Visceral pain is the most common type of pain, and it originates in the organs of the chest, abdomen, or pelvis. We have all experienced pain that comes from our internal organs, from the mild discomfort of indigestion to the agony of renal colic. This type of pain is experienced by both men and women and is one of the most common reasons to see a doctor. Visceral pain is described as a deep sensation, similar to pressure, that is not localized to a certain point in the body.
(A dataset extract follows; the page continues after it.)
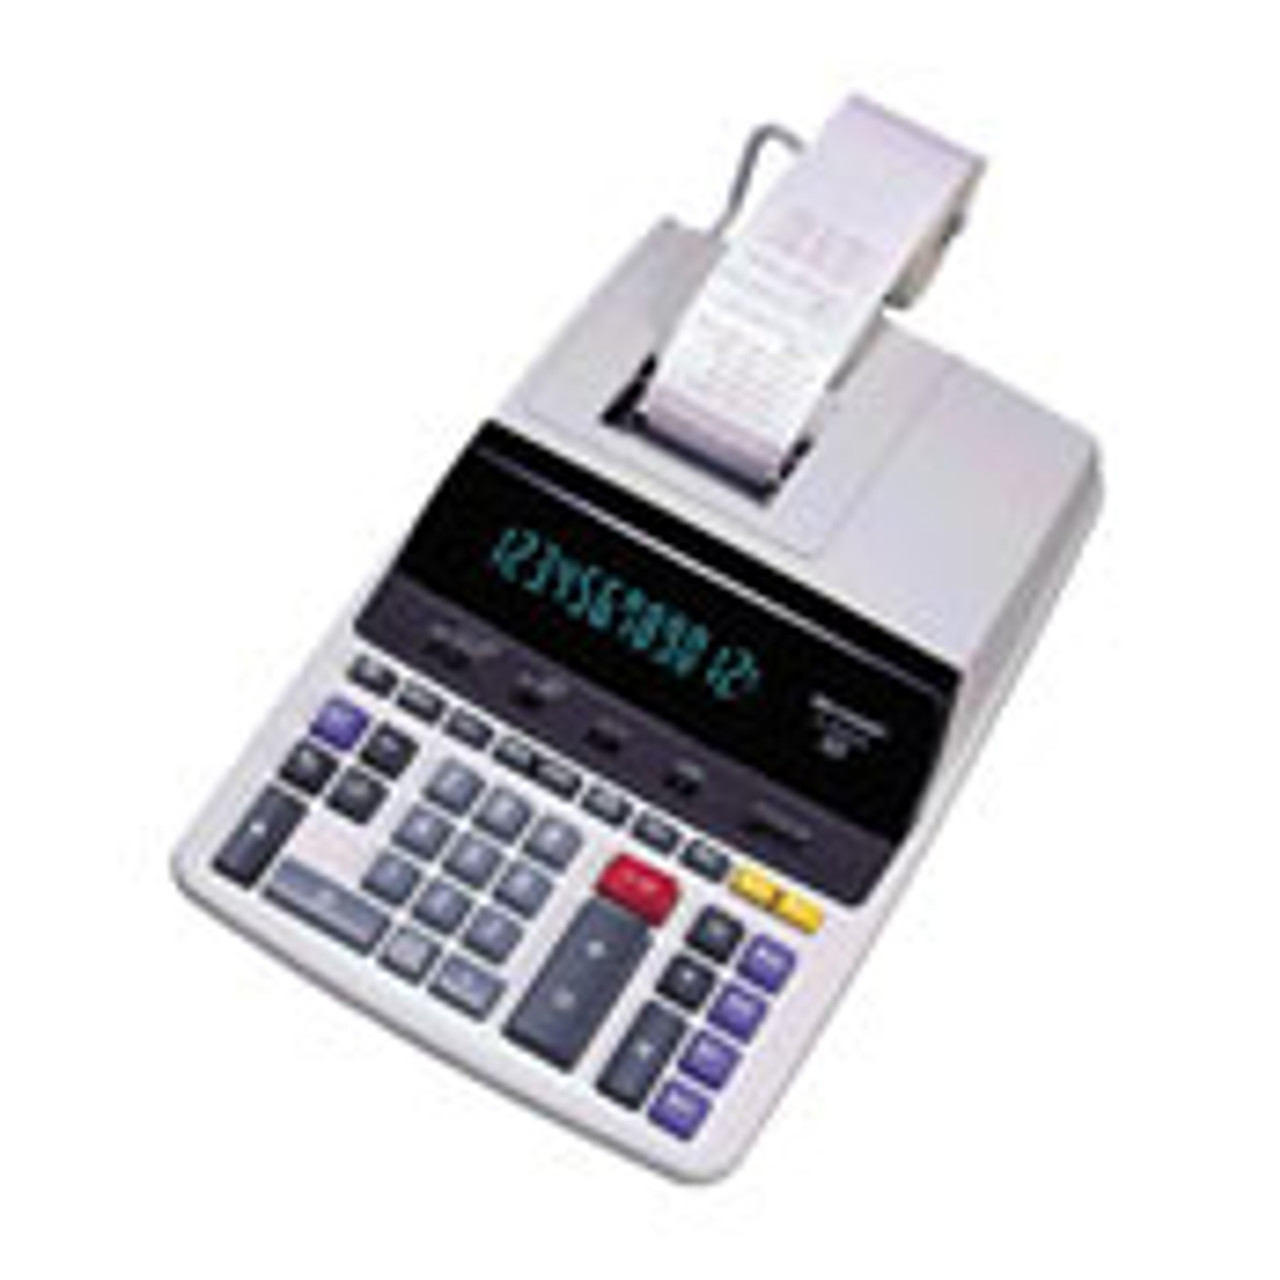 Sharp EL-2630PIII Pocket Financial calculator White calculator

It can be caused by a variety of factors, such as low calcium consumption due to osteoporosis or an increase in smoking leading to stomach cancer. The internal organs don't have as many nerves to detect pain, so visceral pain tends to be vague or to have a feeling of compression or pain. When organic pathology is ruled out and patients are discharged from the acute specialty with no obvious reason for the pain found, they may still experience persistent pain. In this case, it is important to seek out a treatment plan that reduces pain by treating the underlying cause and directly reducing the sensation of pain.
Somatic nociceptive pain originates in pain receptors located on the surface of the body or in musculoskeletal tissues. This type of pain is usually sudden and sharp, such as when you hit your knee or cut your lip. It can be acute, chronic, or intercurrent in nature. When seeking treatment for visceral pain, it is important to accurately report what the pain feels like so that your healthcare provider can diagnose your problem and prescribe the best treatment regimen.
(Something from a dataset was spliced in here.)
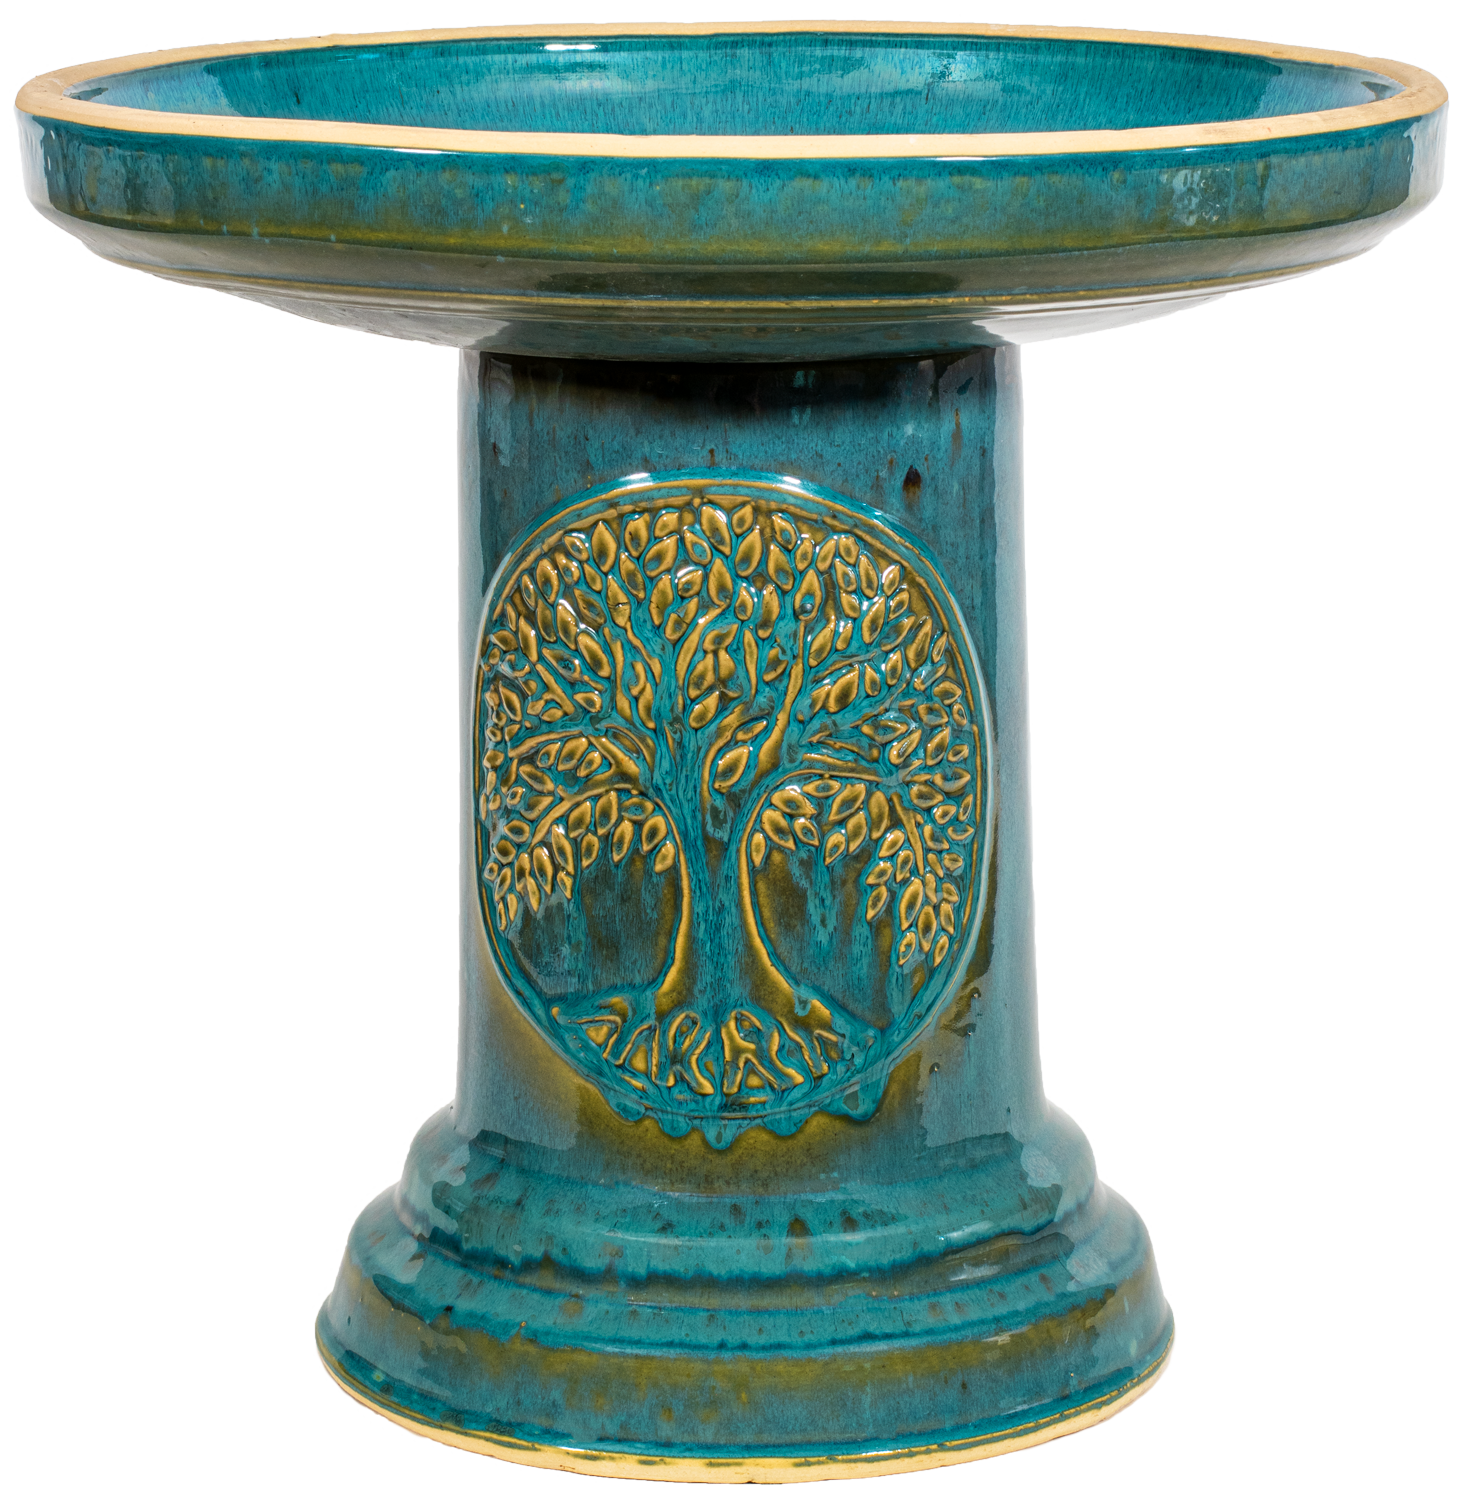 ceramic turqouise birdbath set with Tree of Life motif

Otherwise, patients may be stigmatized for having psychological pain and their complaints may not be taken seriously. It is estimated that 30% of patients who undergo coronary angiography for chest pain undergo normal coronary angiography and that the prevalence of non-cardiac chest pain (NCCP) in 14 different populations is estimated at 13%. Approximately one third of women with pelvic pain will have no obvious gynecological pathology and one third will have persistent pain despite hysterectomy. Pain management services can help build confidence by developing a unique experience with these complex issues.
Most somatic pain responds well to over-the-counter medications, such as NSAIDs (nonsteroidal anti-inflammatory drugs) or other pain relievers.